Por que não conseguimos alcançar uma meta prevista para 2015, para baixar o índice de analfabetos no país?

A resposta é bastante complexa, pois trata-se de uma questão multifatorial. Não dá para explicar simplesmente como a questão de método, ou de nível socioeconômico ou de gestão escola. É preciso analisar o todo, e a questão mais relevante é que continuamos, infelizmente, a produzir analfabetos em contexto escolar. Basta ver os resultados da ANA 2016, em que mais de 54% das crianças que participaram da avaliação encontram-se em níveis insuficientes de leitura e 34% em níveis insuficientes de escrita.

Durante meses analisamos esses e outros fatores e, por isso, apresentamos na PNA uma série de diretrizes buscando superar esse problema crônico no Brasil.

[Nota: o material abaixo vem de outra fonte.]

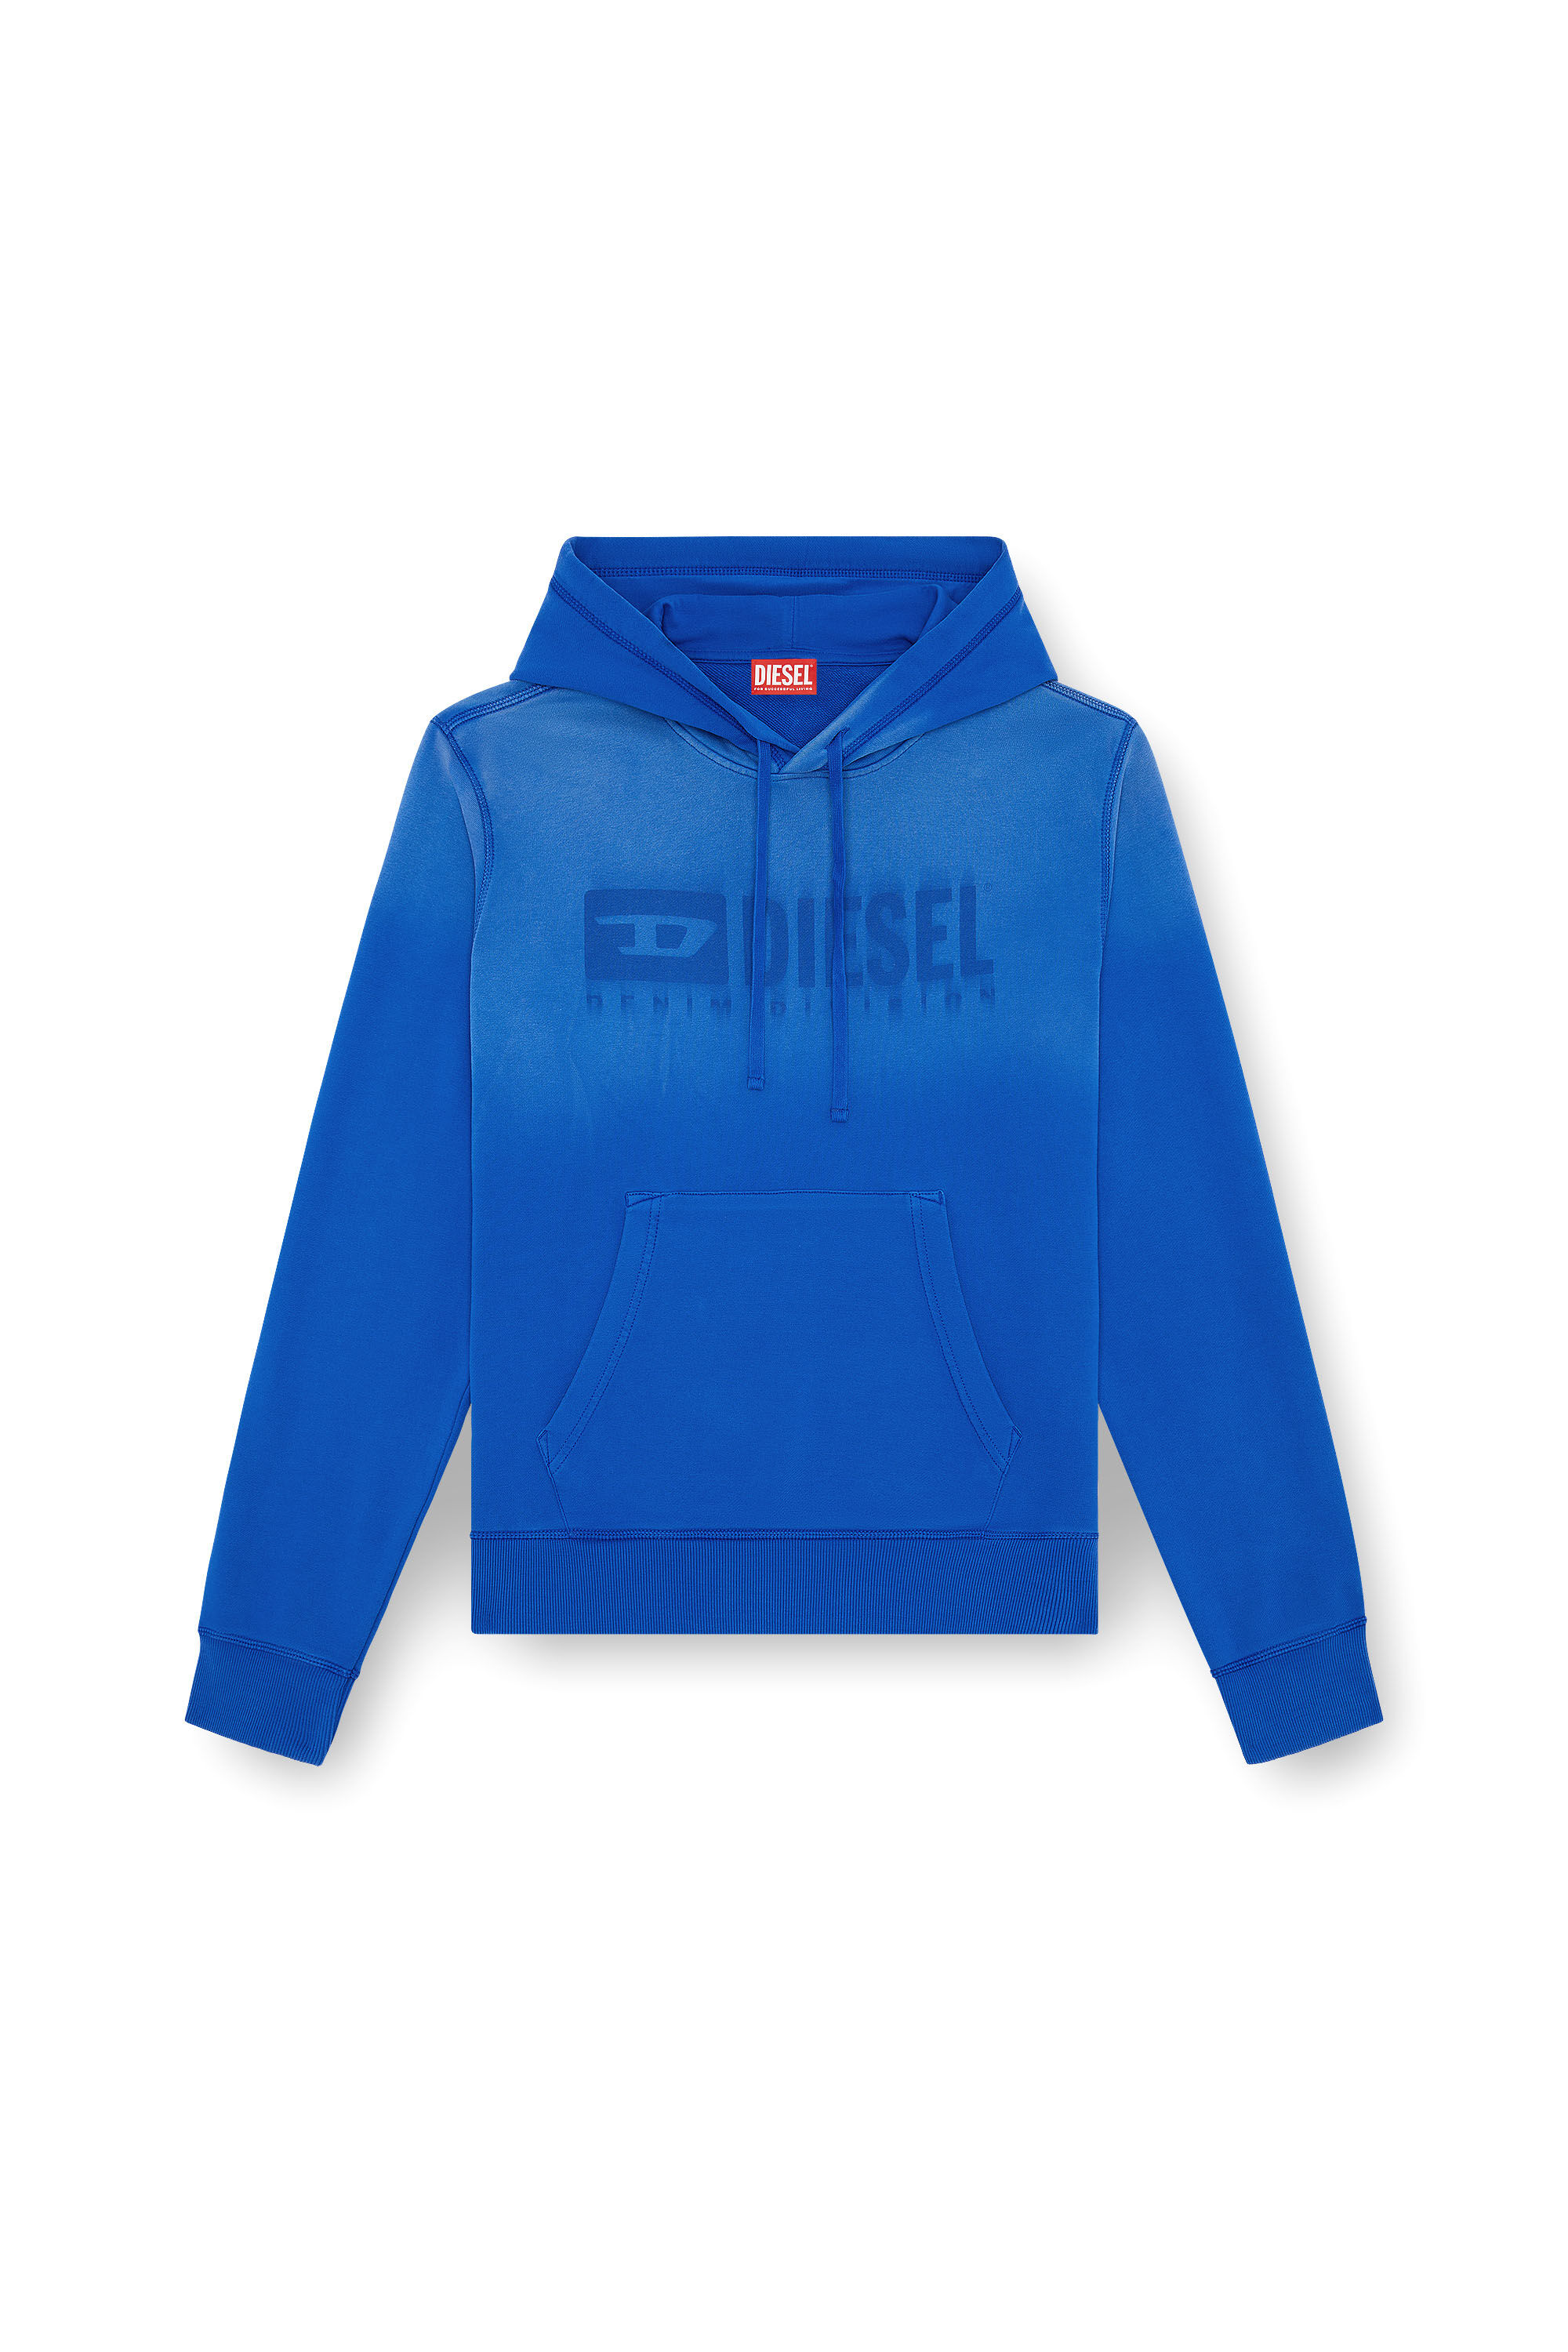 Diesel - S-GINN-HOOD-K44, Man Faded hoodie with Denim Division logo in Blue - Image 2

É muito importante não apenas alfabetizar quem já passou da fase de alfabetização, como também é fundamental fechar a torneira para que não tenhamos mais analfabetos escolarizados.

Há diferentes fatores que precisam ser melhorados no Brasil. A Educação infantil precisa estar conectada com o Ensino Fundamental, as crianças precisam, sim, aprender habilidades fundamentais para a alfabetização nessa etapa. A formação de professores alfabetizadores precisa ser melhorada, há poucos componentes e disciplinas sobre a alfabetização nos cursos de pedagogia e, a maioria deles, utiliza-se de bibliografia ultrapassada. A avaliação e o monitoramento da aprendizagem de leitura e da escrita, bem como dos cursos de formação de professores, também precisam ser melhorados.

Existem várias frentes que a gente precisa lidar para que possamos melhorar o cenário do Brasil que é, no mínimo, triste. Precisamos romper com tendências pedagógicas sem evidências e buscar o que dizem os resultados de pesquisa. Nesse sentido, a PNA busca fundamentar os programas e ações do governo federal em evidências atualizadas e criar um caminho para diminuir as desigualdades educacionais.